David Herman – Une exposition pour réinventer le sacré.
>>« The Earthly Paradise – Aux sources du monde d’après » jusqu’au 10 août
David Herman s’appuie sur son expérience transversale des univers de la mode, des arts décoratifs, et puis de la musique et du cinéma. Directeur créatif & curateur d’expériences narratives « totales », il propose une exposition immersive et vivante au metaxu durant tout l’été.
Quel est le point de départ de votre recherche sur le paradis terrestre?
Tout est parti d’un poème épique de William Morris, plus connu pour sa vision pionnière des arts décoratifs avec le mouvement Arts & Crafts. Dans ce récit, il invite le lecteur à un voyage initiatique aux confins des mythologies grecques et légendes nordiques. Dans le contexte du XIXe siècle surindustrialisé, le recours nostalgique à ces imaginaires anciens constituait le moyen de se relier à « l’Idéal arcadien des origines », le « Paradis Perdu » au sein duquel l’homme vivait en harmonie avec la Nature, sa beauté, ses rythmes. La pénurie croissante d’une ressource aussi vitale que l’eau ravive le rapport « sacré » aux éléments naturels et à toute la symbolique cosmogonique qui y est liée : l’eau incarne tout autant l’idée de source de vie que du déluge chaotique précédant un monde « nouveau ».

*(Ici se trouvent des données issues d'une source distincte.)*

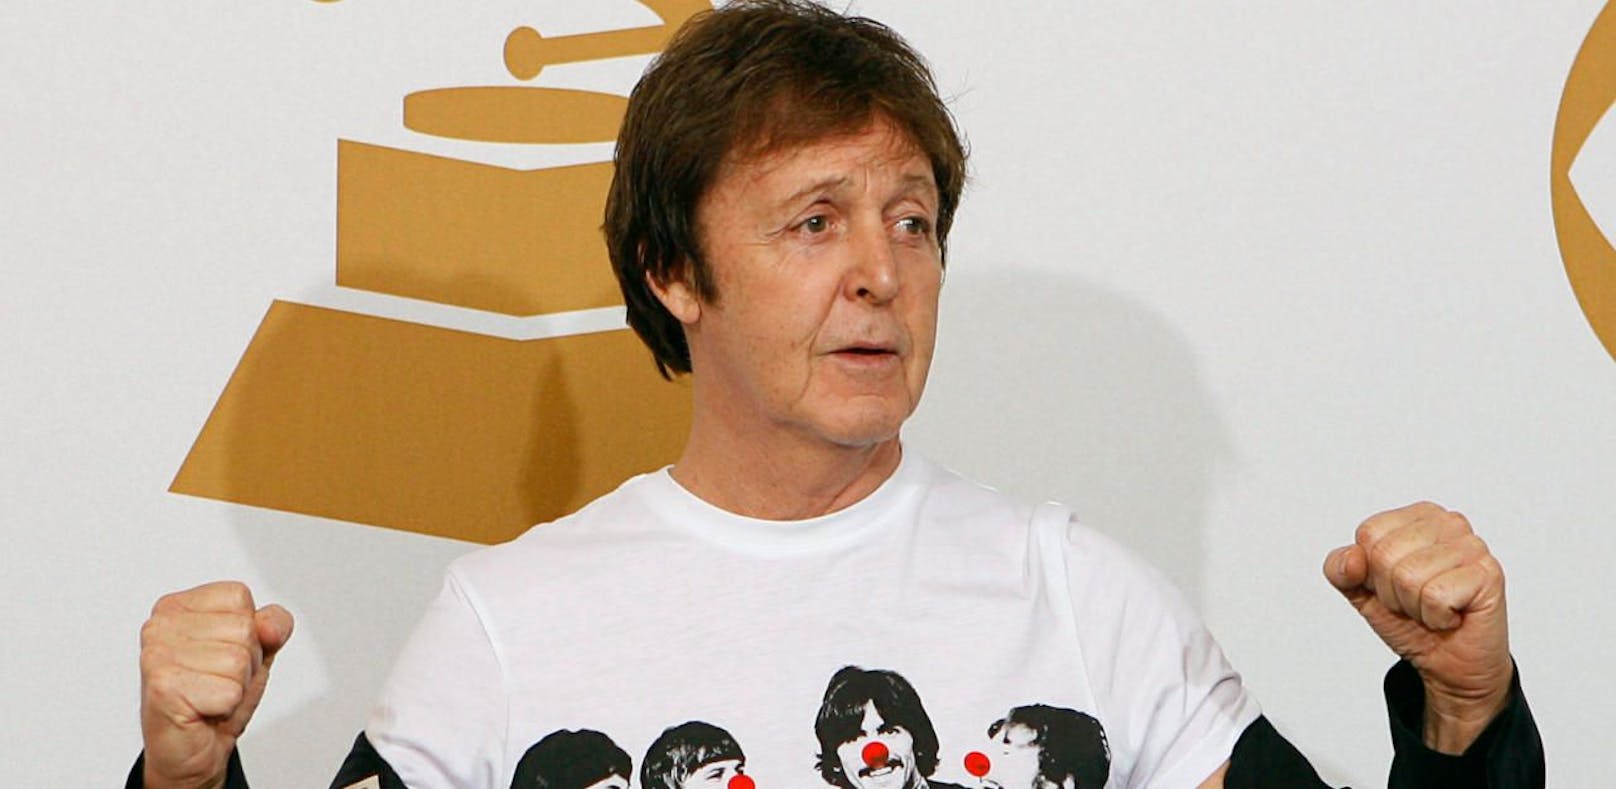 Sir Paul McCartney lässt zwei neue Songs hören

Le récit est exclusivement composé de sorcières, déesses, néréides. Comment l’exposition conjugue les notions de sacré et de féminin ?
Sous l’ère païenne, les croyances étaient polythéistes et panthéistes. N’importe quel aspect de la vie était associé à un dieu ou une déesse. Il y avait une conscience de l’impact de nos actes par rapport à un « tout » considéré comme « universel ». Je me suis replongé dans les écrits de Mircea Eliade décrivant la manière selon laquelle ce lien a été rompu depuis le développement du monothéisme (qui sépara les espaces « sacrés » et « profanes »), puis de la science et du monde moderne. The Earthly Paradise repose la question de ce rapport « sacré », une relation plus profonde à ce qui nous entoure et préserve notre existence. J’ai volontairement travaillé avec trois femmes artistes pour la symbolique féminine de cette exposition. Les ambiances minérales-brutes des sculptures d’Audrey Guimard, archaïques, poétiques et sensuelles des collages muraux de Lia Rochas-Pàris et puis le côté plus mystique de Clara de Gobert font corps avec cette narration reliant l’ancien à aujourd’hui.
Mettant en scène une chambre d’hôtel, vous positionnez cette exposition entre art et arts décoratifs. Qu’est ce qui divise ces domaines et les lient ici ?
Sous Louis XIV, les académies royales ont séparé les arts majeurs des arts appliqués. On a séparé le beau de l’utile, l’art de la vie. Au cours de notre siècle, il y a un effondrement de ces frontières, une recherche d’authenticité qui s’exprime notamment dans le recours à l’artisanat. Mais cela ne suffit pas. Dans notre époque désorientée, il devient crucial de proposer des expériences génératrices de sens. En m’appuyant sur la démarche « vivante » du metaxu dans sa capacité à concilier l’art et le son, j’ai pu pleinement développer une expérience sensorielle « totale » à la manière d’un « opéra ». C’est le cas du Lit-Temple, l’installation sonore monumentale de Clara de Gobert, avec les compositions du musicien Benoît Bottex, sur laquelle le public peut venir s’allonger et ressentir métaphoriquement les vibrations telluriques d’un volcan en éveil. L’ambition d’une telle narration appliquée à un intérieur participe d’une approche se voulant aussi transformatrice culturellement que vivre l’expérience d’un film, d’un livre ou d’une œuvre théâtrale.